Friday, June 18, 2010

Thoughts and wishes

I feel so sad for people who have no connection, no feelings, for nature.

In the past few weeks, I've been watching a robin couple, feeding and hanging out in our Wildscape. A few evenings ago, I thought I'd spotted their nest high in one of our live oaks. But no, no such luck. Then, the next evening, I saw what had to be a juvenile robin (cinammonish, speckled breast), perched on James' wooden fence in the Meadow. It sat there for a long time. I finally walked slowly toward it, and then it safely flew away.

A bit ago, I was in the garage, pulling cloth napkins from the dryer, when I heard a familiar bird call. I stepped outside to see, and, sure enough, I spotted the juvenile robin along with the parents. "Good job on the baby!" I told them. The juvenile flew away, but the older robins stayed and kept foraging on the ground. I even sat down and folded the napkins while I watched them. They didn't mind me one bit! I felt awed, humbled, by the beauty of nature.

Yesterday, I made a trip to San Antonio. I am NOT a shopper (I'd rather not), but I did have some errands to run. So at a Stone Oak center, I parked my car and walked from one end of the strip to the other (and back again). Decided the exercise would be good for me. Toward the end, as I strolled along, I happened upon a rather large walkingstick! It lay on the cement sidewalk, not far from an empty storefront. "Poor thing," I said. I stood there a moment, debating. Then I scooped the insect up––it was the length of my hand!––and carried it across the parking lot to a small greenbelt. I leaned down and released it on a branch. Thank goodness that "wild" area was there! And I realized, too, that it was a good thing I came along because surely the walkingstick would have died. Or someone, thinking it was "poisonous" (not!) or hideous, would have killed it for sure.

The thought made me sad. A beautiful insect, lost on a sea of cement, with no hope of a rescue, because so few people these days have no connection or feelings for nature. I wish that wasn't true.

P.S. I also carried a small beetle across the parking lot to a bed of gold lantanas.

5 comments:

Steph@RamblingWren said...

I feel exactly the same way. I love and appreciate nature. It is such a gift that we are given to watch a flower bloom or a butterfly dancing around in the garden. I often wonder if people ever stop and take the time to appreciate this precious gift.

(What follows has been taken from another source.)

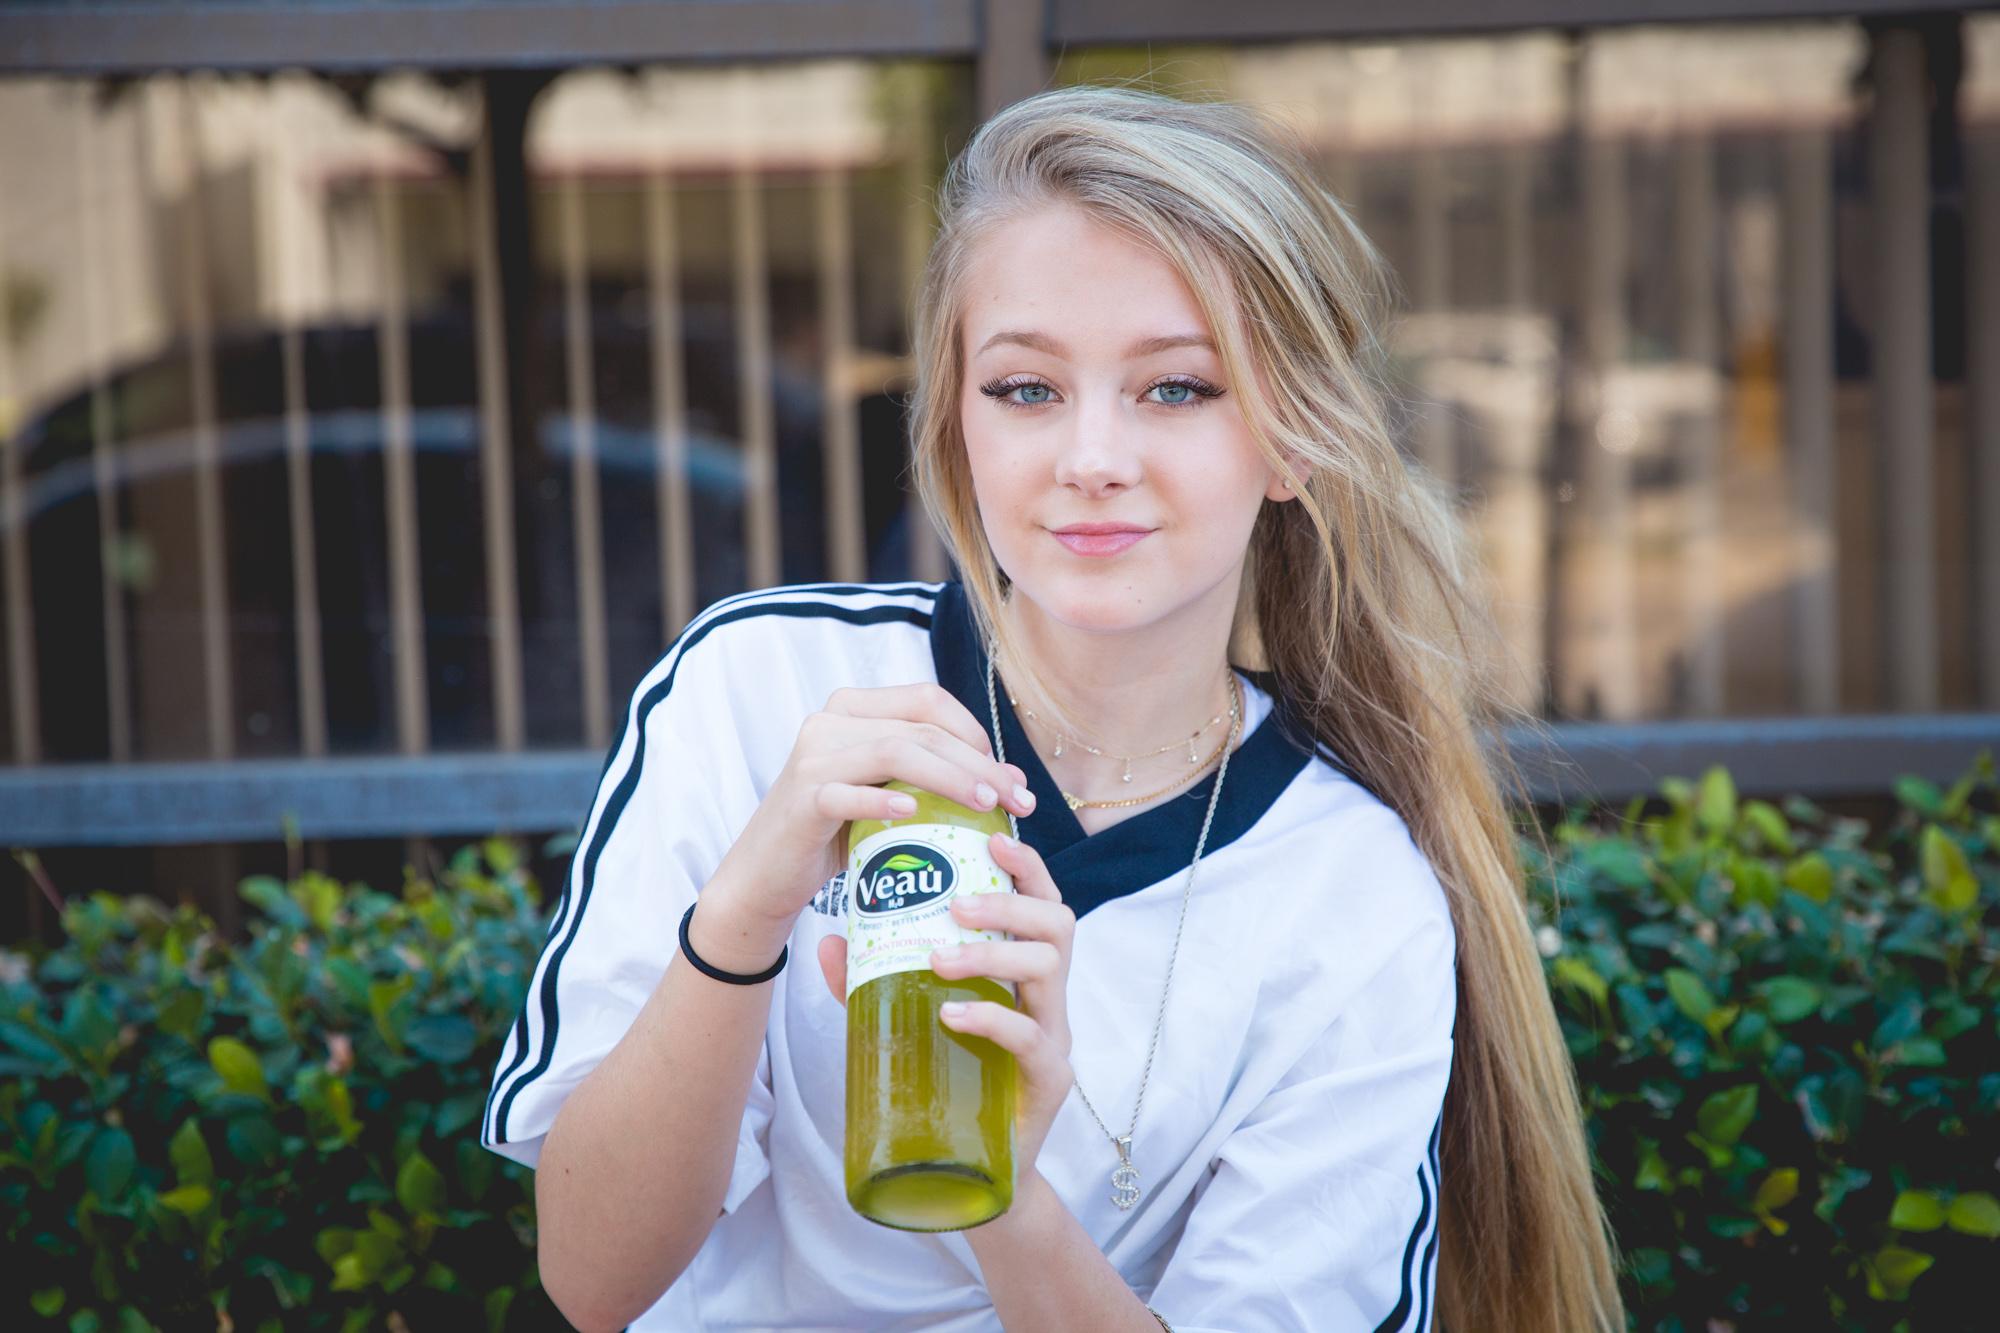 Lexi Drew - Enjoying Veau Water

PS I found a turtle in a local shopping center. He had been misplaced from his environment from some road construction and was hiding under my car. I thought how sad, the poor guy needs to find his way home. I found some children that were thrilled to place him back by the creek where he belonged.

Sheryl Smith-Rodgers said...

Ah, how kind YOU are!! Thank you for saving that turtle! Do you know what species it was? Perhaps a red-eared slider? I just finished writing about the Texas tortoise for TPW magazine.

Steph@RamblingWren said...

Thank you for your response. I'm not sure what kind of turtle he was. I found him by the 281/Basse Rd. area at the Quarry shopping center. There is a little creek over there next to the train track.

After reading your post, "Death visits the nursery" about your caterpillar fatalities, I remembered that I had something similar happen to my FBA's (Future butterflies of America) aka Gulf Fritillaries cats. The culprit was a predatory stink bug. I had never heard of them before until I recognized the guilty suspect on "Great Stems" blog. Maybe this is the cause of your FBA's demise.

Sheryl Smith-Rodgers said...

Thanks for the heads up on the stink bug. I'll check it out! I also want to post some responses I got from the Garden Web butterfly forum when I posted the problem there as well. Thank you for sharing!

Kay Baughman said...

Nice post! I love watching nesting birds. Sometimes I'm sure a nest is right outside, but I don't see it until winter when the leaves are gone. But a just-fledged youngun is a good clue! We had a baby Green Jay come to the feeder with its parents today. You described the young robin so well I could "see" it!